Here, we can do model examinations to know the model’s pros and cons and then can “targeted” refined the model. For example, use the What-if tool. However, from my experiences, this tool is not friendly with the AI Platform. Also, it’s not directly related to GCP. So, I skip this part.

Then, it’s time to deploy the model.

Model Deployment

In this part, I used the Google Sheet as the platform and AI-platform as the backend to deploy my model. Below is the diagram of this part. And the idea of using Google Sheet in this way is from “How to Grow a Spreadsheet into an Application, Google Next 2019

Model Deployment

As mentioned in one of my previous posts, here come at least three solutions.

First, simply click the “Deploy Model”. Then GCP will deploy it on ML engines and handle all the other processes. Second, you can deploy the model by yourself, and using docker to make the model service containerized is the option. It’s super fast to write a Dockerfile based on TensorFlow Serving and use Google Build to wrap the model into a container and deploy it to Kubernetes. Last, to achieve full DIY, you can choose to use a VM and do what you want. In this case, you have to set the networking forwarding rules, safety rules, etc..

For simplicity, I selected the first option. Here, it’s worth to notice that to invoke a model deployed on Google ML engines, a role for “ML Engine Developer” is needed. A helpful practice is to create a server account with this role and grant this server account to a microserver on Google Functions.

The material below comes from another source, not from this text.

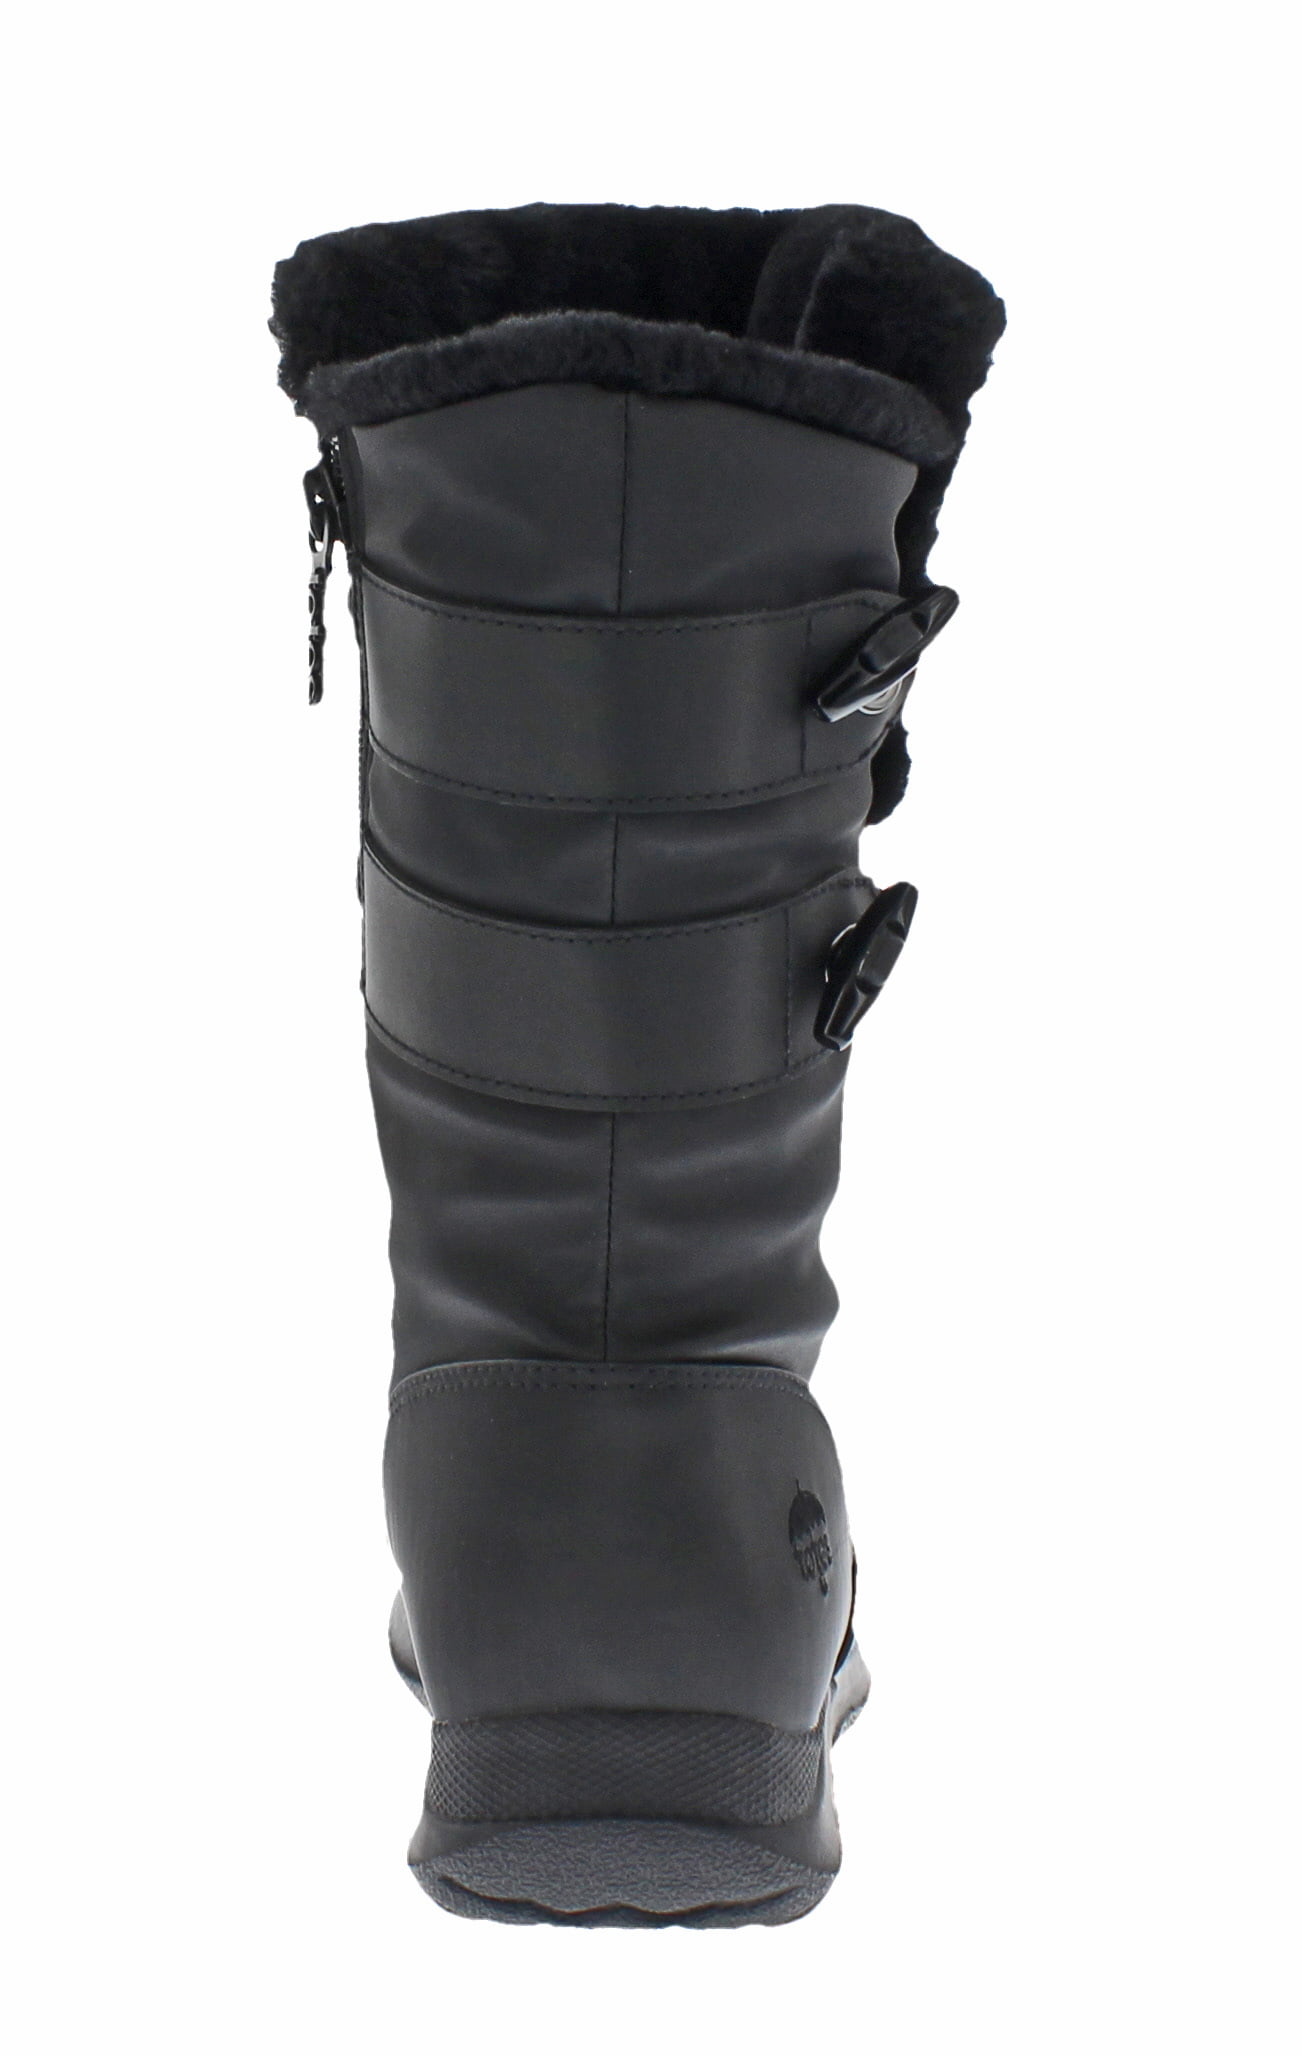 totes jill women's waterproof winter boots

I chose Google Sheet as the platform to create a demo APP. Google Sheet has the database, UI, security, and loads of built-in APIs. To match this platform, I used Google Forms as the APP UI.

Sample Msg

Wrap Up

Let’s wrap up with the whole structure.

Whole Structure

Better Solutions I know now

Convert the model as Tensorflow.JS and deploy it on the client-side to achieve zero maintenance cost.

Use Flutter or Angular to write a more beautiful and customized UI.